» Dataset content:
<<<<
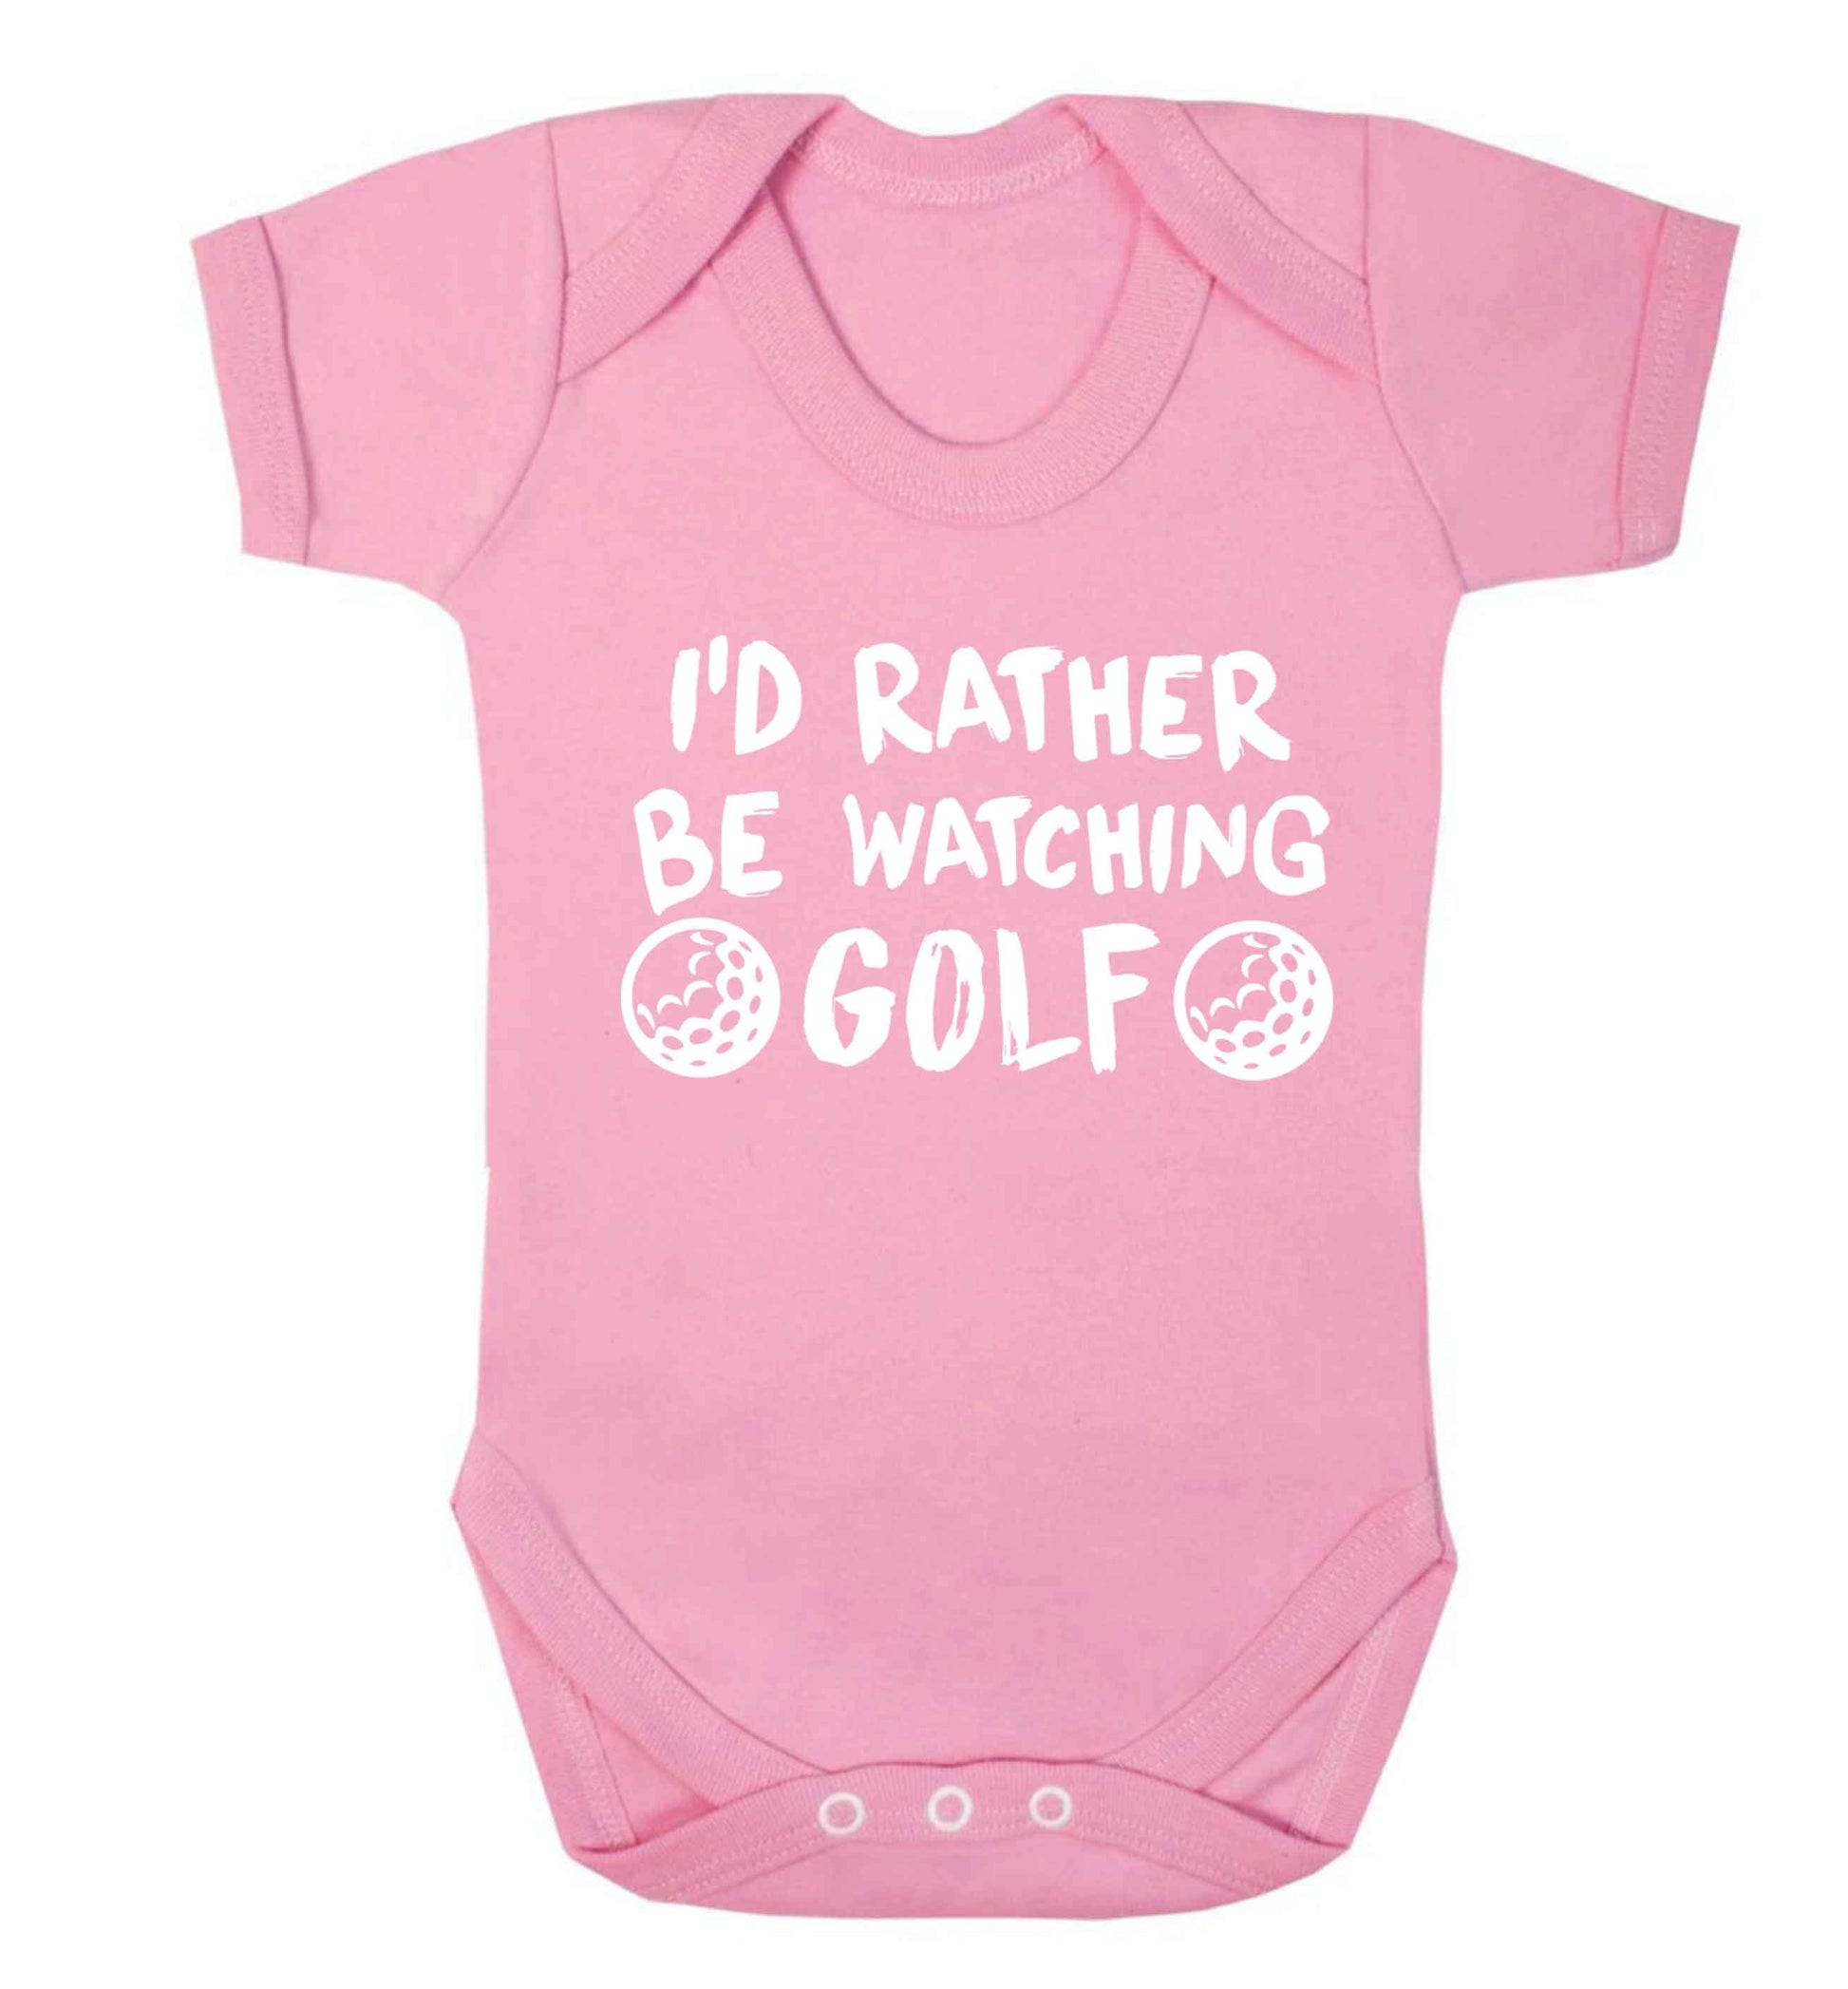 I'd rather be watching golf Baby Vest pale pink 18-24 months
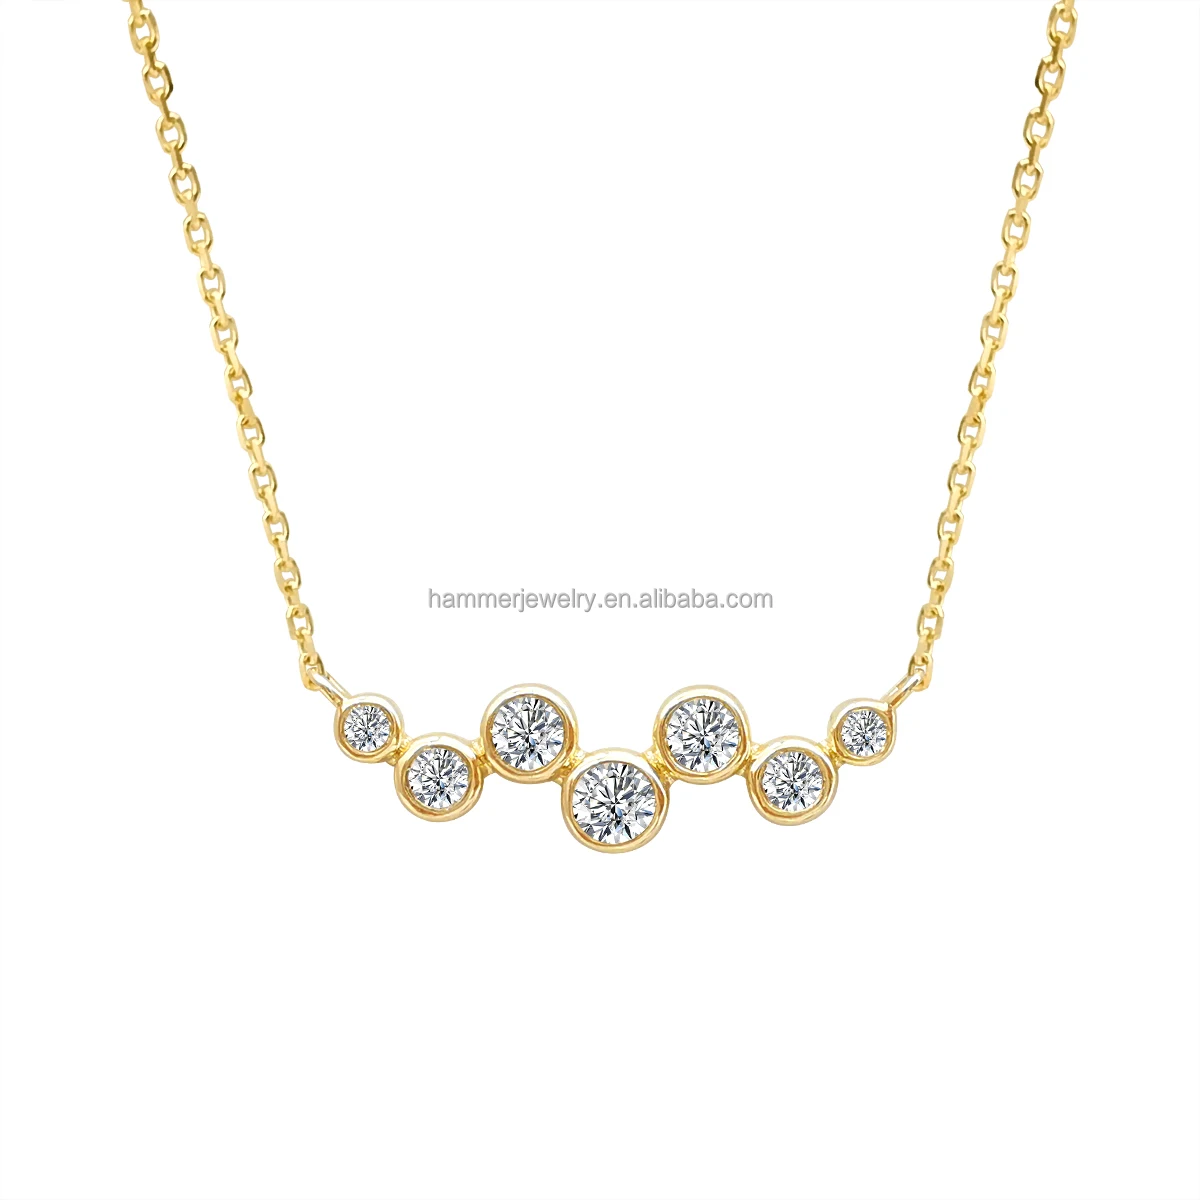 

2023 New Arrival Solid 14k Gold Necklace for Women Dainty Lab-Grown Diamond Link Chain Jewelry with Stone Main Material
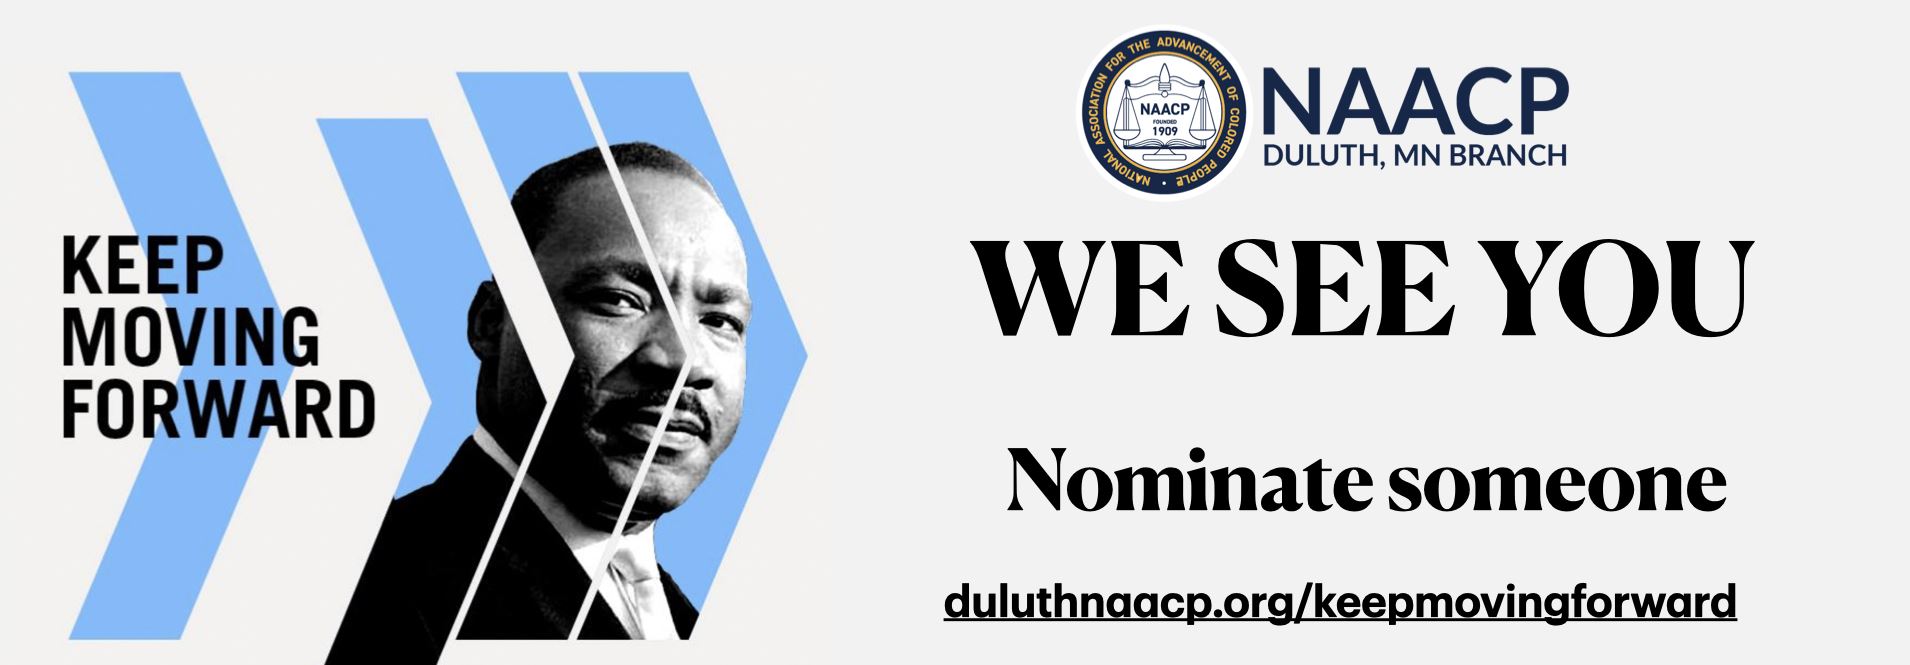 Banner for Wee See You - Nominate Someone with image of Dr. King
>>>>
» Task brief:
Each line from the one that contains "2023 New Arrival" to the end of the listing must be quoted exactly; no other line and no picture belongs in the copy.

» Exercise result:
2023 New Arrival Solid 14k Gold Necklace for Women Dainty Lab-Grown Diamond Link Chain Jewelry with Stone Main Material
 Banner for Wee See You - Nominate Someone with image of Dr. King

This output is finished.